Subal have used their standard Quick Lock system to close the backplate.
The left side:
On the upper side are two openings for electrical connections that you can customize individually. Since the D7000 features video, a hydrophone can be accommodated or an HDMI/Video out connector for monitors or even a remote control. Whatever suits your needs best. That means that with the ND7000 housing you potentially have 5 external connections, 2 optical and up to three electrical ones.
Below is the large knob for zoom or focus control of the lenses, retractable in order to change lenses more effectively, disable manual focus control for prime lenses or retracting the tray in order to change the SD cards without having to take the camera out of the housing (yes, it is possible).

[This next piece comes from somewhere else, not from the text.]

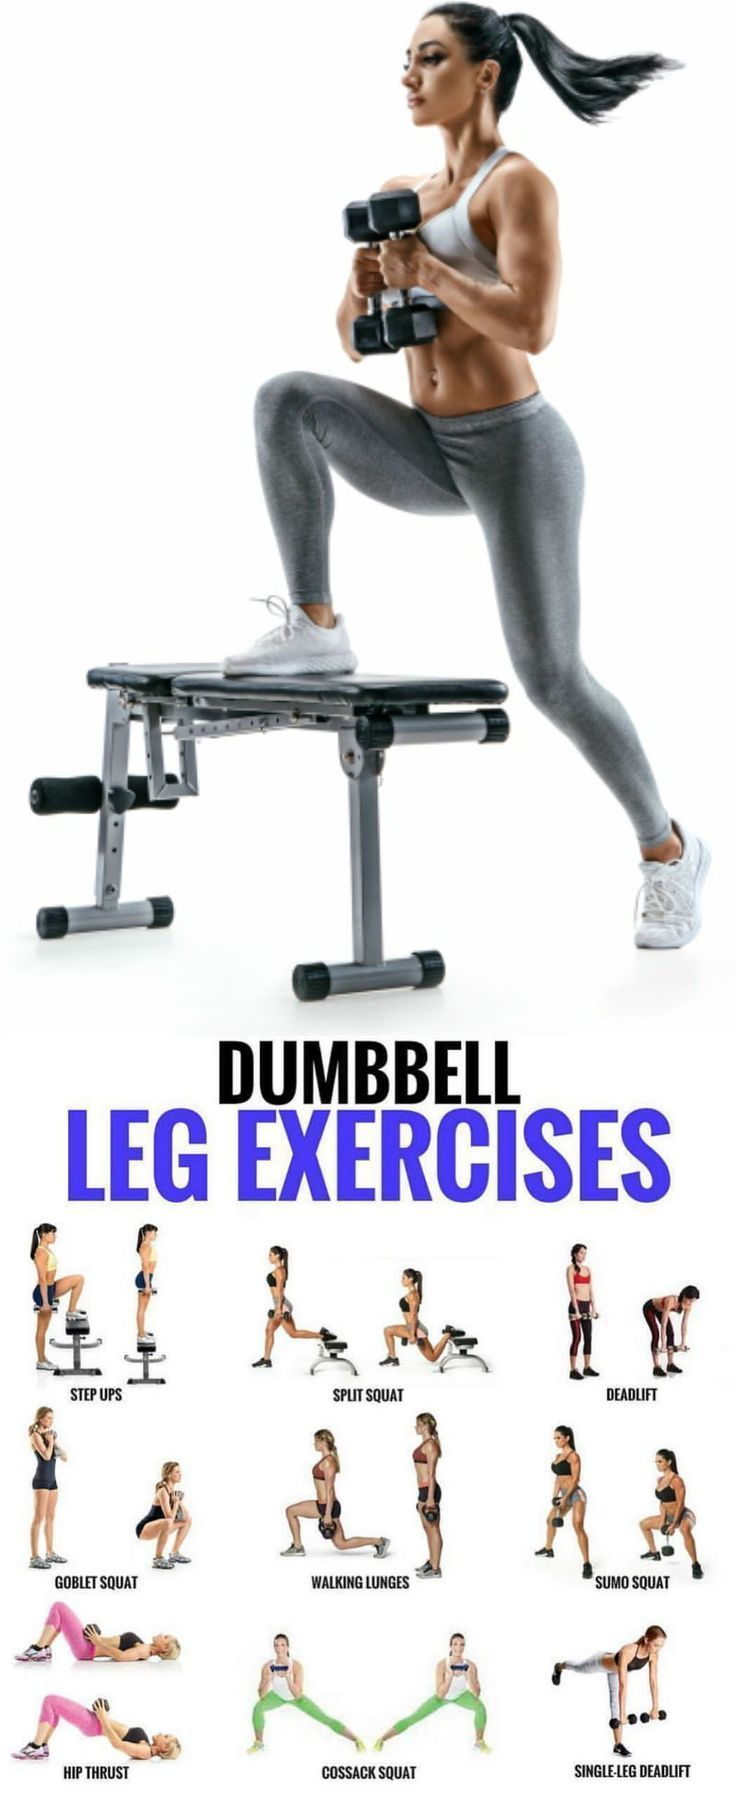 Tone It Up DumbBell Sports  5lb - Dumbbell - Ideas of Dumbbell #Dumbbell -  Sculpt Sexy Slender Thig...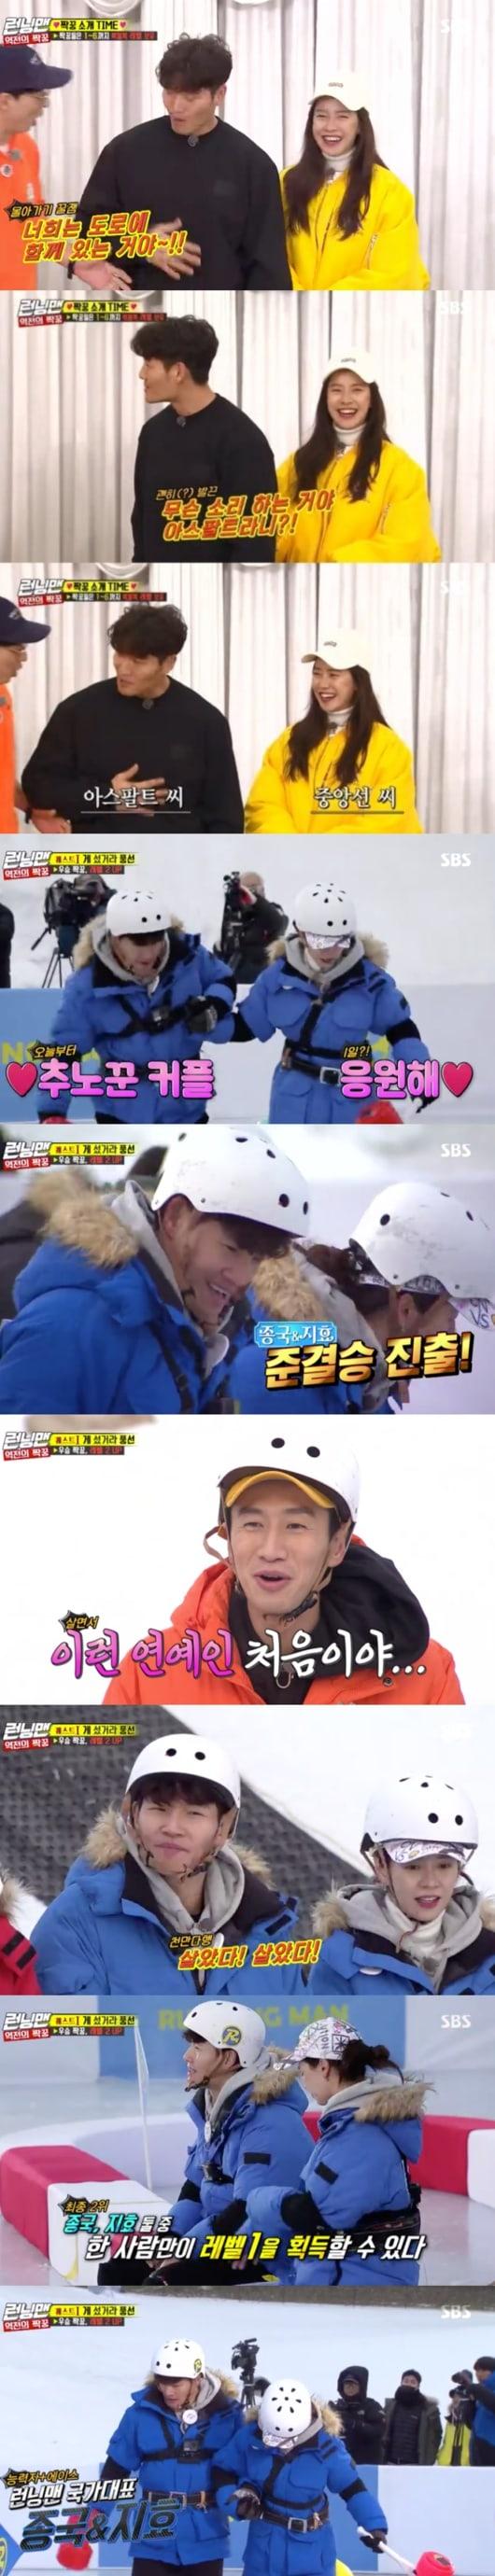 Song Ji Hyo And Kim Jong Kook S Love Line Builds Up On Running Man Soompi

The last control is the focus selector and again this is a special one since it can also be retracted. This is not only necessary for changing memory cards, but also if you happen to forget to align the housings’ control with the cameras’ before going diving. This happened to me more than one time with my Non-Subal F100 housing and rendered most of the pictures useless. It was a great relief when I switched to the ND3 and I very much appreciate this feature. With the Nikon D7000 the Focus selector has a small button that is very important for changing focus modes with the dials.
The upper side:
To the right is the usual Subal layout featuring buttons mirroring their position on the camera. I have to admit that I never use the metering button since I always measure with matrix, and I don’t need the exposure compensation button because I’ll do the quick exposure compensation with dials (the custom function b3 has to be turned on). To the side is the lens for the moisture alarm
The On/Off switch is a lever that can be retracted if you forget to align it correctly with the camera. While other manufacturers have cut the display window Subal has stuck to its rules of providing any possible camera function and by my opinion this was a very wise move since I can think of a lot of photo techniques were you need the upper display information. The most important is macro work on a flat sand bed where you certainly will face problems when needing information from the LCD screen below the viewfinder. On the side of the top is the lever for pushing the camera’s pop-up flash back into place.
On top of the housing you will find a connection for accessories like focus lights. In front are two additional holes. Subal’s new boss, Mr. Harald Karl, has explained me that this is for some sort of cage that lets you mount up to 4 optical cables, for 4 flashes, onto the two sockets at the front. That means an actual potential for 7 connections on the housing: 4 optical and 3 electrical.
I can’t think of any setup that will need all these external devices at once but I certainly will use a hydrophone and S6 connectors and maybe even a video/remote for polecam work so it’s good to know that all possible connections are provided.